In the "Create list of sinks (i.e. roots)" loop, note that each cell can be evaluated completely independently for elevation with respect to it's neighbors as long as the elevation data is static. In a sequential program, one thread of execution examines each cell. In a parallel program, the cells are divvied up so that one, and only one, thread reads and writes the local minima state information (sink[] in the program below). If generating the list of minima/roots in parallel, the queuing operations for the stack would have to be synchronized. For a discussion how to do that for stacks and other queues, see "Simple, Fast, and Practical Non-Blocking and Blocking Concurrent Queue Algorithms", Michael & Scott, 1996. For modern updates, follow the citation tree on Google Scholar (no mutex required :).
In the "Each root explores it's basin" loop, note that each basin could explored/enumerated/flooded in parallel.
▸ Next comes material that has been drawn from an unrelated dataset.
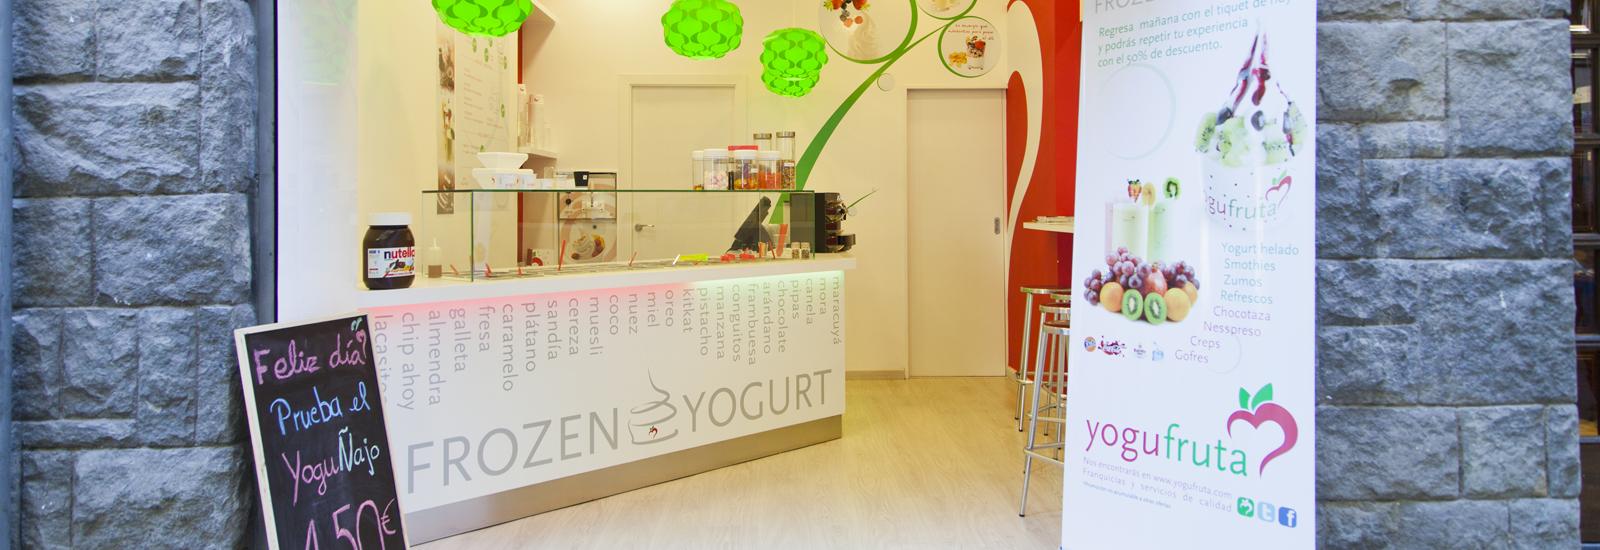 ¿Cómo atraer y hacer atractiva su yogurteria para turistas?

If you want dive deeper into parallelizing MSTs, see "Scalable Parallel Minimum Spanning Forest Computation", Nobari, Cao, arras, Bressan, 2012. The first two pages contain a clear and concise survey of the field.
Simplified example
A group of farmers has some elevation data, and we’re going to help them understand how rainfall flows over their farmland. We’ll represent the land as a two-dimensional array of altitudes and use the following model, based on the idea that water flows downhill:
If a cell’s four neighboring cells all have higher altitudes, we call this cell a sink; water collects in sinks. Otherwise, water will flow to the neighboring cell with the lowest altitude. If a cell is not a sink, you may assume it has a unique lowest neighbor and that this neighbor will be lower than the cell.
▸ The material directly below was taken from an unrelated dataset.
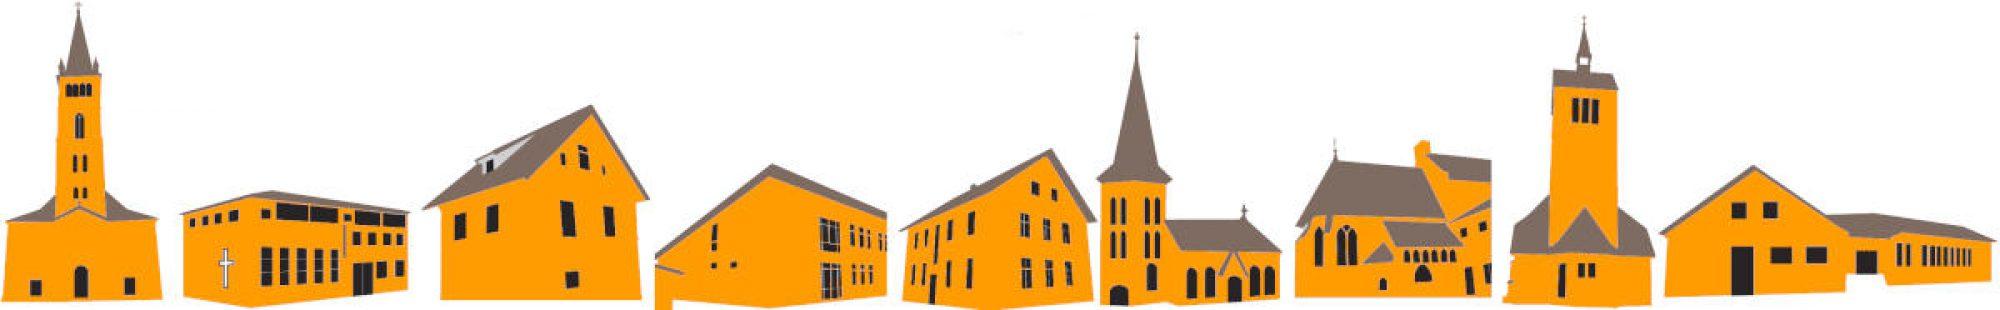 Christen in Oranienburg

Cells that drain into the same sink – directly or indirectly – are said to be part of the same basin.
Your challenge is to partition the map into basins. In particular, given a map of elevations, your code should partition the map into basins and output the sizes of the basins, in descending order.
Assume the elevation maps are square. Input will begin with a line with one integer, S, the height (and width) of the map. The next S lines will each contain a row of the map, each with S integers – the elevations of the S cells in the row. Some farmers have small land plots such as the examples below, while some have larger plots. However, in no case will a farmer have a plot of land larger than S = 5000.
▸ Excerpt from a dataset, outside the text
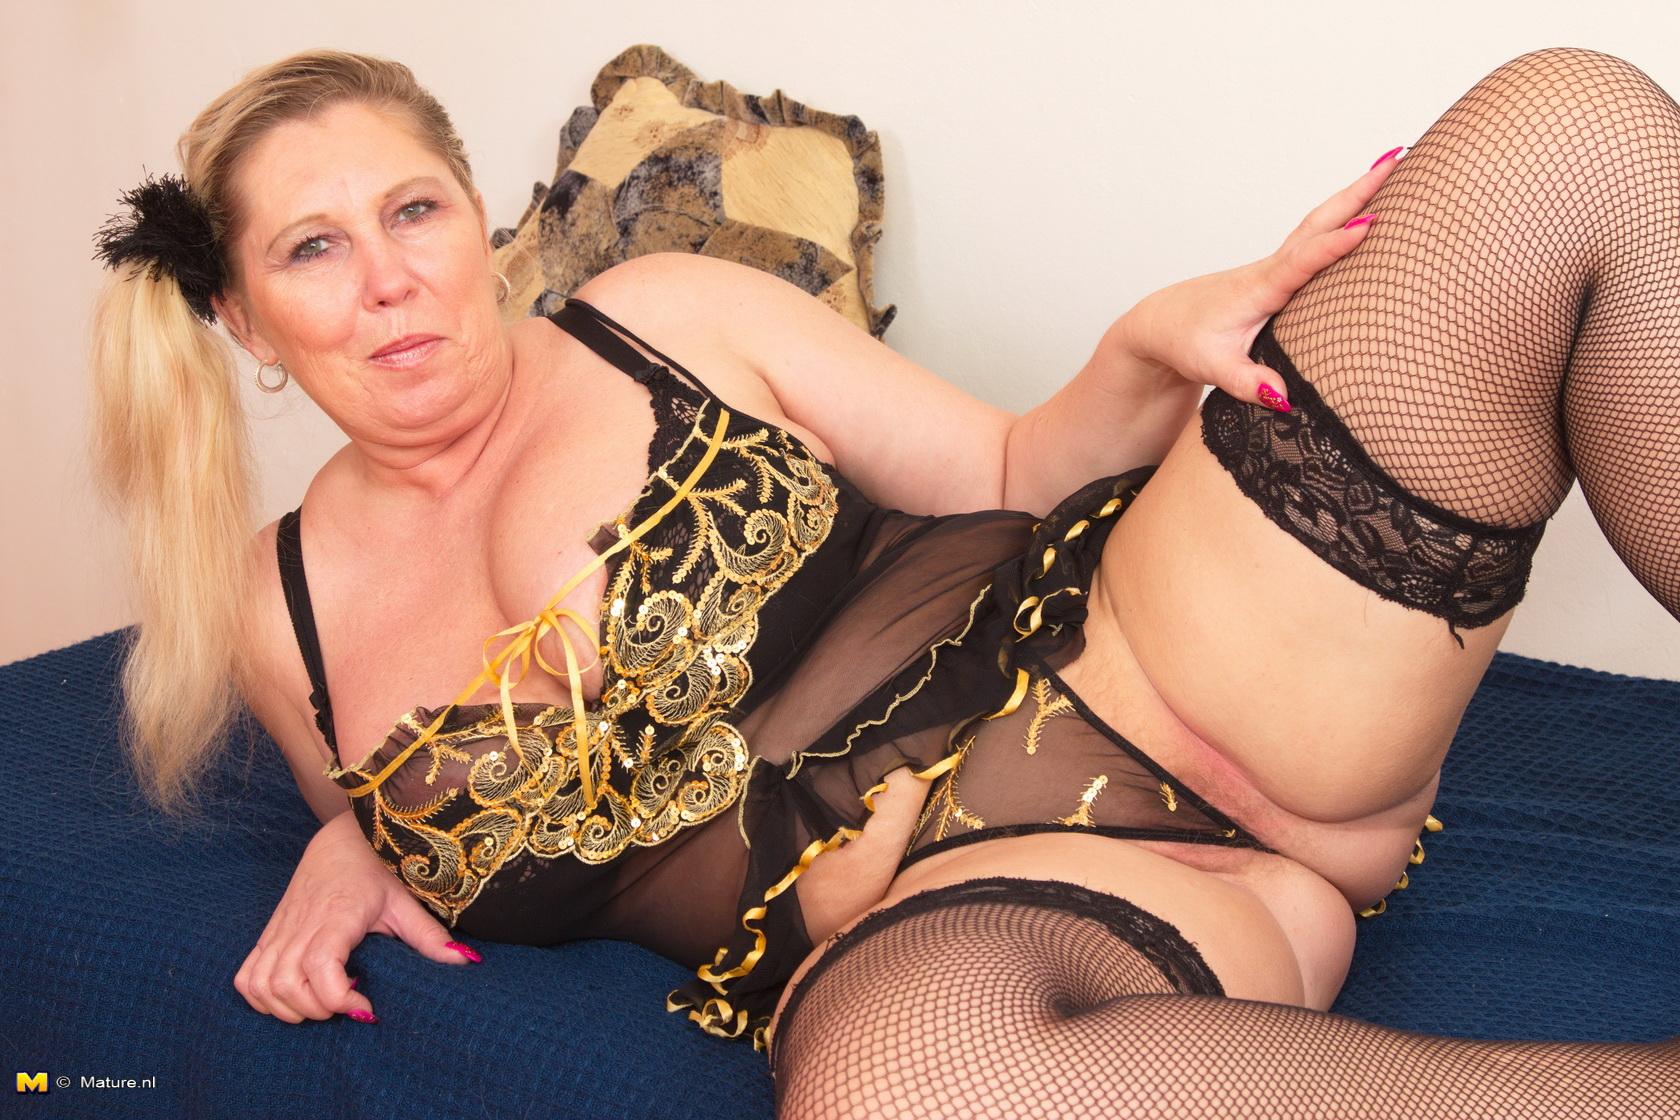 Сексуальные игры зрелых толстушек 5 фотография

Your code should output a space-separated list of the basin sizes, in descending order. (Trailing spaces are ignored.)
Here's an example:
Input:
5
1 0 2 5 8
2 3 4 7 9
3 5 7 8 9
1 2 5 4 2
3 3 5 2 1
Output: 11 7 7
The basins, labeled with A’s, B’s, and C’s, are:
A A A A A
A A A A A
B B A C C
B B B C C
B B C C C
// lm.js - find the local minima
// Globalization of variables.
/*
The map is a 2 dimensional array. Indices for the elements map as:
[0,0] ... [0,n]
...
[n,0] ... [n,n]
Each element of the array is a structure. The structure for each element is:
Item Purpose Range Comment
---- ------- ----- -------
h Height of cell integers
s Is it a sink? boolean
x X of downhill cell (0..maxIndex) if s is true, x&y point to self
y Y of downhill cell (0..maxIndex)
b Basin name ('A'..'A'+# of basins)
Use a separate array-of-arrays for each structure item. The index range is
0..maxIndex.
*/
var height = [];
var sink = [];
var downhillX = [];
var downhillY = [];
var basin = [];
var maxIndex;
// A list of sinks in the map. Each element is an array of [ x, y ], where
// both x & y are in the range 0..maxIndex.
var basinList = [];
// An unordered list of basin sizes.
var basinSize = [];
// Functions.
function isSink(x,y) {
var myHeight = height[x][y];
var imaSink = true;
var bestDownhillHeight = myHeight;
var bestDownhillX = x;
var bestDownhillY = y;
/*
Visit the neighbors. If this cell is the lowest, then it's the
sink. If not, find the steepest downhill direction.
*/
function visit(deltaX,deltaY) {
var neighborX = x+deltaX;
var neighborY = y+deltaY;
if (myHeight > height[neighborX][neighborY]) {
imaSink = false;
if (bestDownhillHeight > height[neighborX][neighborY]) {
bestDownhillHeight = height[neighborX][neighborY];
bestDownhillX = neighborX;
bestDownhillY = neighborY;
}
}
}
if (x !== 0) {
// upwards neighbor exists
visit(-1,0);
}
if (x !== maxIndex) {
// downwards neighbor exists
visit(1,0);
}
if (y !== 0) {
// left-hand neighbor exists
visit(0,-1);
}
if (y !== maxIndex) {
// right-hand neighbor exists
visit(0,1);
}
downhillX[x][y] = bestDownhillX;
downhillY[x][y] = bestDownhillY;
return imaSink;
}
function exploreBasin(x,y,currentSize,basinName) {
// This cell is in the basin.
basin[x][y] = basinName;
currentSize++;
/*
Visit all neighbors that have this cell as the best downhill
path and add them to the basin.
*/
function visit(x,deltaX,y,deltaY) {
if ((downhillX[x+deltaX][y+deltaY] === x) && (downhillY[x+deltaX][y+deltaY] === y)) {
currentSize = exploreBasin(x+deltaX,y+deltaY,currentSize,basinName);
}
return 0;
}
if (x !== 0) {
// upwards neighbor exists
visit(x,-1,y,0);
}
if (x !== maxIndex) {
// downwards neighbor exists
visit(x,1,y,0);
}
if (y !== 0) {
// left-hand neighbor exists
visit(x,0,y,-1);
}
if (y !== maxIndex) {
// right-hand neighbor exists
visit(x,0,y,1);
}
return currentSize;
}
// Read map from file (1st argument).
var lines = $EXEC('cat "' + $ARG[0] + '"').split('\n');
maxIndex = lines.shift() - 1;
for (var i = 0; i<=maxIndex; i++) {
height[i] = lines.shift().split(' ');
// Create all other 2D arrays.
sink[i] = [];
downhillX[i] = [];
downhillY[i] = [];
basin[i] = [];
}
for (var i = 0; i<=maxIndex; i++) { print(height[i]); }
// Everyone decides if they are a sink. Create list of sinks (i.e. roots).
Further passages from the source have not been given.